+++ Dataset section

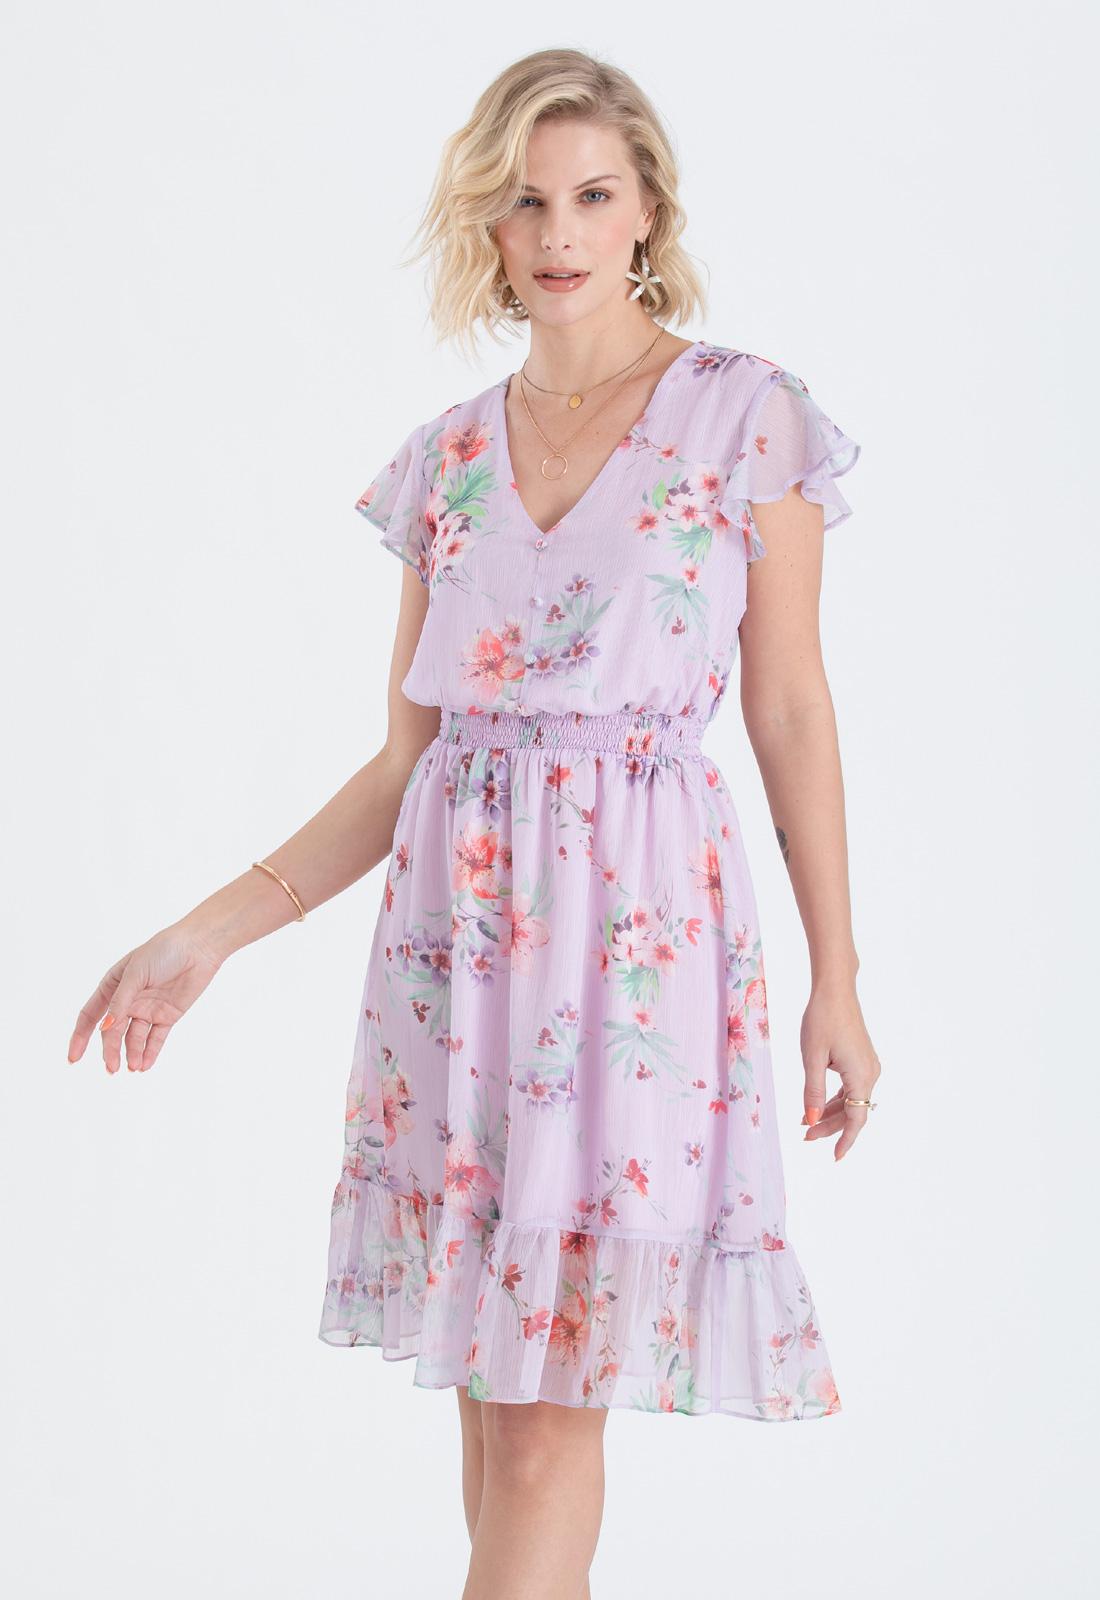 Vestido de festa lilás estampado  ref. 2621
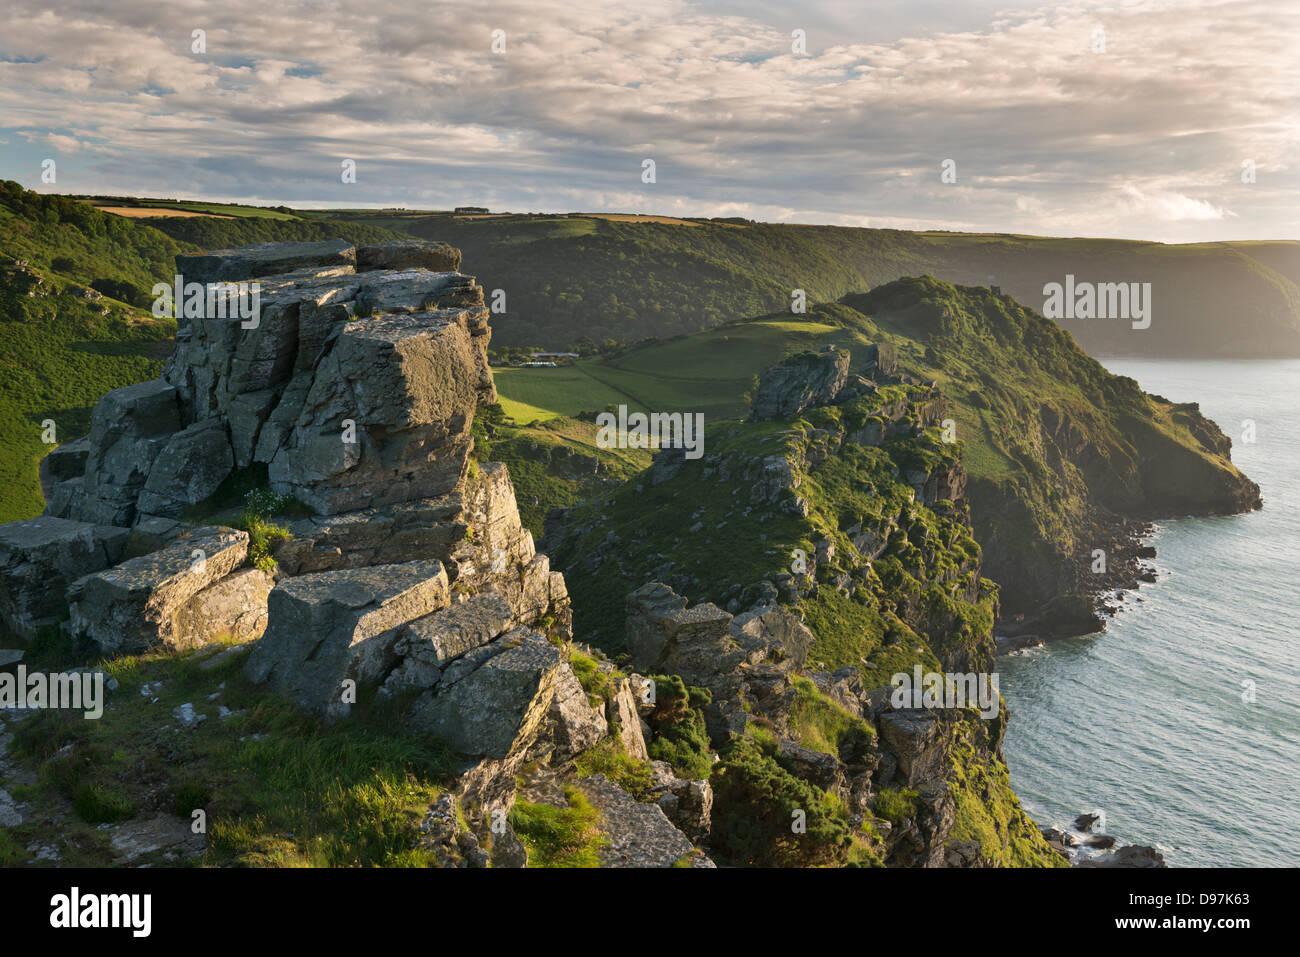 Torreggianti scogliere a valle delle rocce, Exmoor, Devon, Inghilterra. In estate (Luglio) 2012. Immagini Stock
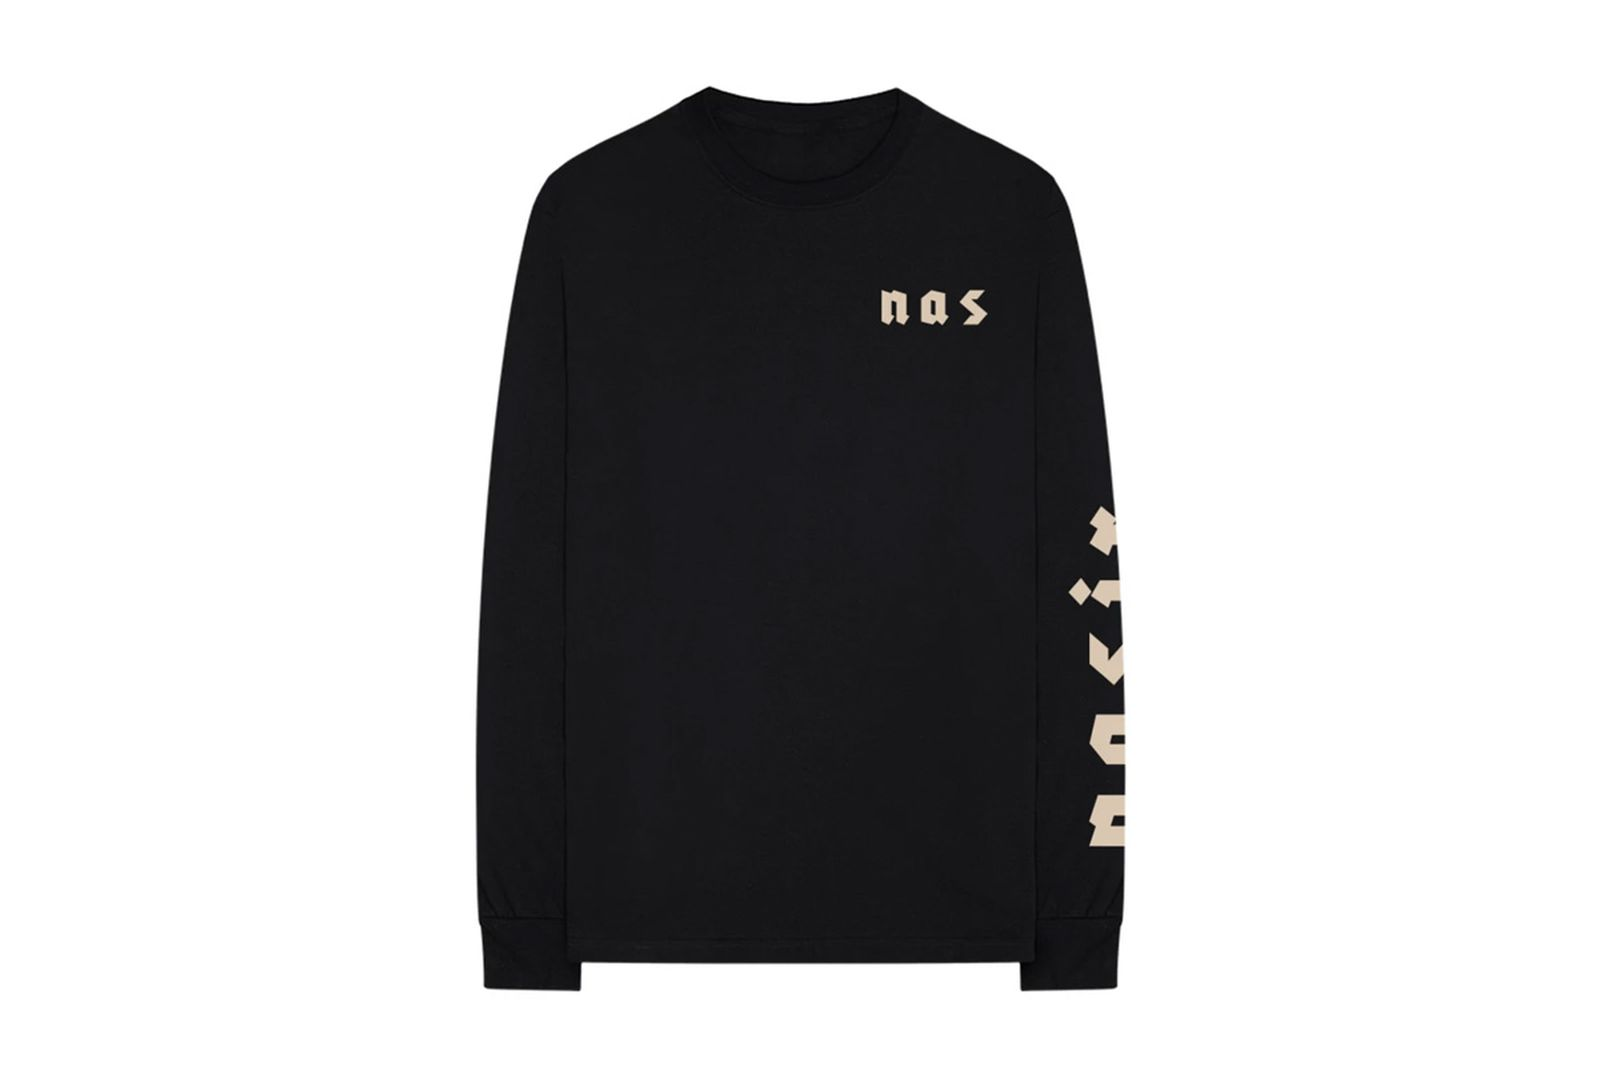 nasir05 ASAP Ferg Merchandise Travis Scott

++++++

Transcribe the material above in full. No picture is to be copied.

Answer box =
 Vestido de festa lilás estampado  ref. 2621
 Torreggianti scogliere a valle delle rocce, Exmoor, Devon, Inghilterra. In estate (Luglio) 2012. Immagini Stock
 nasir05 ASAP Ferg Merchandise Travis Scott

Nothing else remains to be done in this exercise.